The psychological and energetic tendencies of Short Flexors are best described by Ida Rolf: “There is another factor in upright stance besides evolution. This factor makes Feldenkrais candidate for the title of a really intuitive researcher. He saw that negative emotion strengthens flexors. My recognition out of my own life is such that such an overwhelming amount of emotional experience is negative. And when you experience negative emotion, you respond with a flexor every time you flex, always you are flexing … Feldenkrais called attention of the fact that all negative emotional expressions are accompanied by a shortening of flexor muscles. The energy in a chronically flexed body has to work just to hold up; the man continuously has to add energy to that body to keep it going.

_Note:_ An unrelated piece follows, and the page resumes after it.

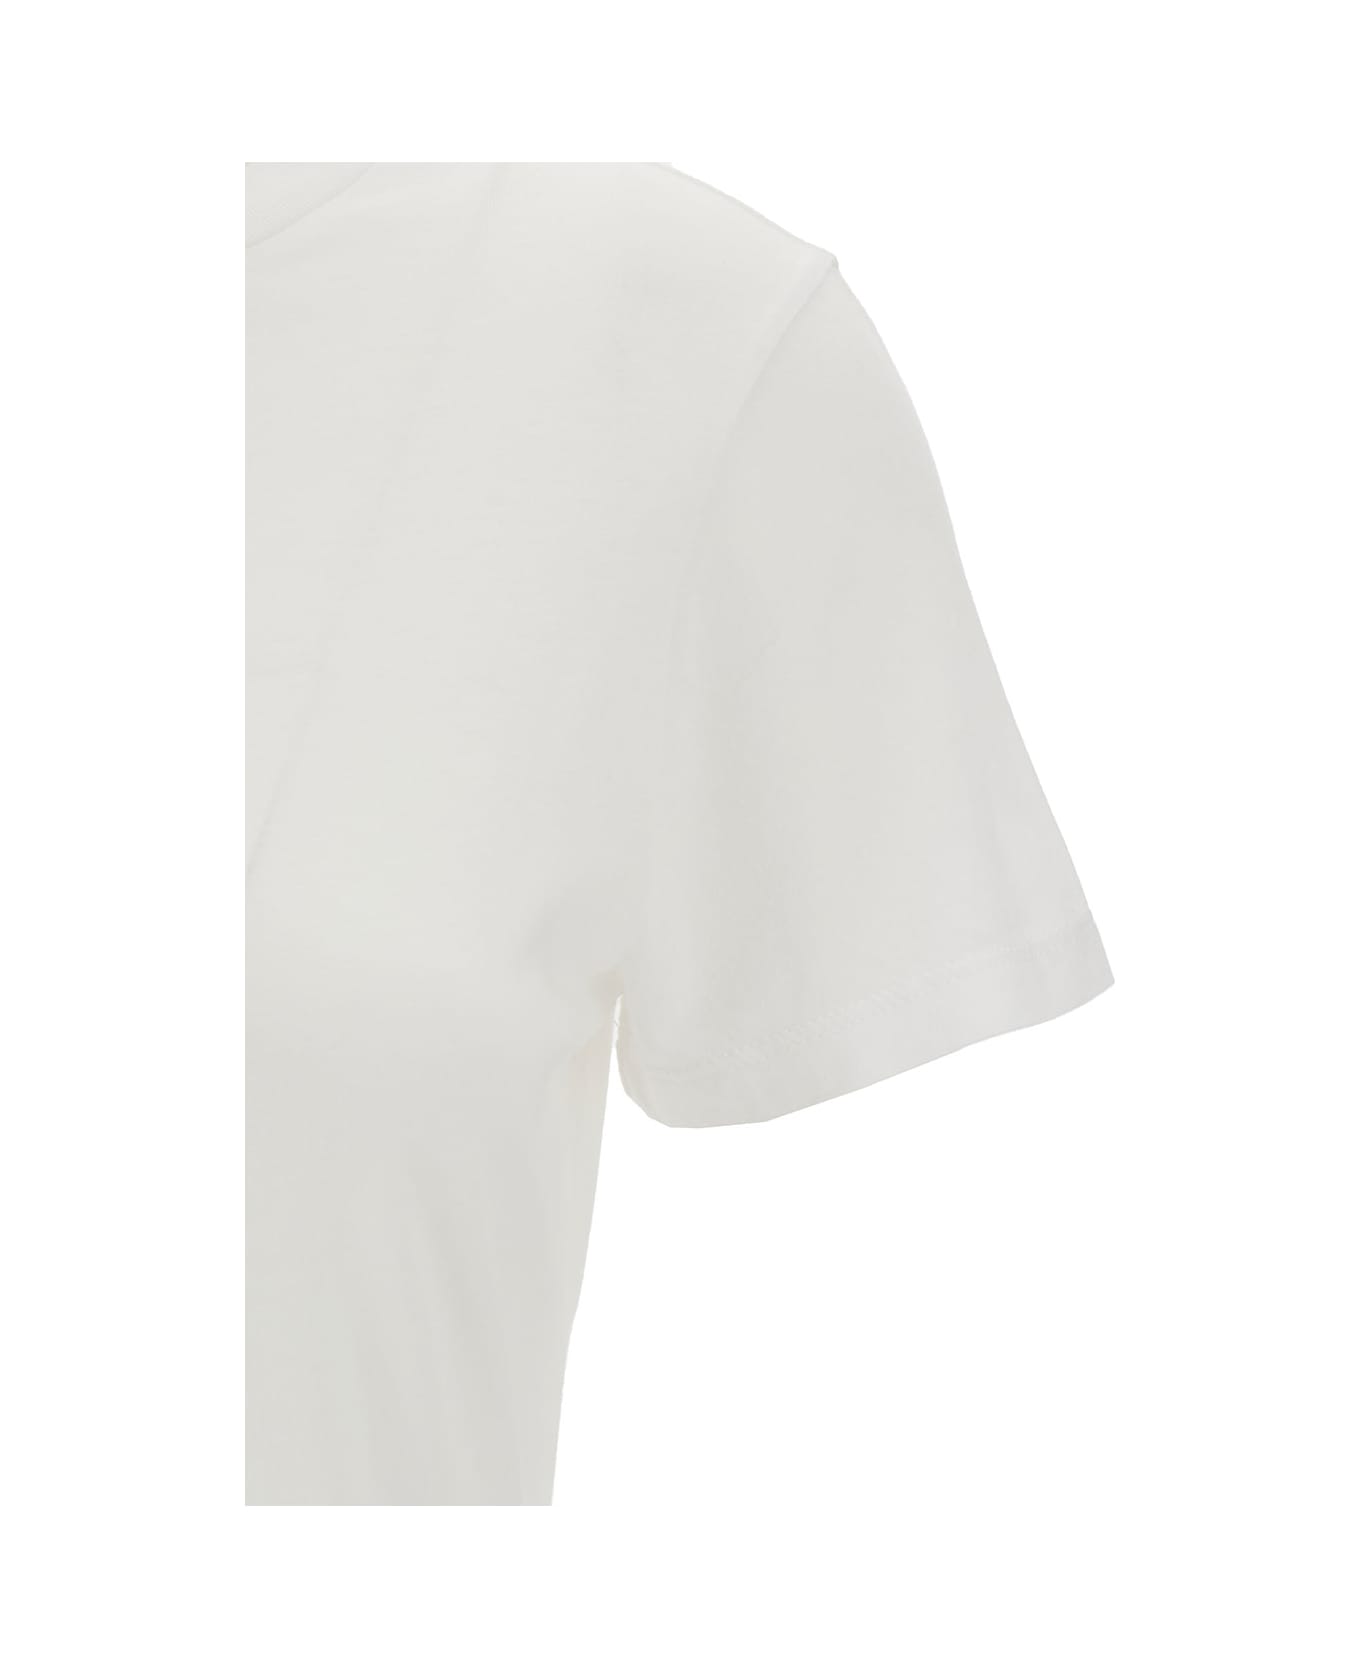 AGOLDE Annise - White Tシャツ

Such chronic flexion gives a feeling of ‘depression’.”‘,’ When studying Feldenkrais’ original description in ‘Body and Mature Behavior’ we see that he calls this Short Flexor pattern “the body pattern of anxiety”. Besides a contraction of flexors (especially of the abdominal region) he described for this pattern an “inhibition of the antagonistic extensors” as well as a “halt in breathing” 26

What moved Ida Rolf to describe the underlying neurology of Short Flexor people with this much wider term “bad emotions”-compared with Feldenkrais’ more specific term “anxiety”? I suspect that she felt that there are also other emotional reaction mechanisms besides the startle reflex that can be a neurological basis for this pattern. In my experience it is often useful to differentiate two types within the Short Flexors: a contracted and a collapsed type. In the contracted type the flexor muscles are not only shortened but also tight (short distance & high tonus). In lying supine on a table one can usually find a lot of free space behind their lower neck, their shoulders, and often also behind their lumbars. They have very little inter segmental mobility of their ribcage and fit probably best into Feldenkrais’ description of a chronic “pattern of anxiety”.
?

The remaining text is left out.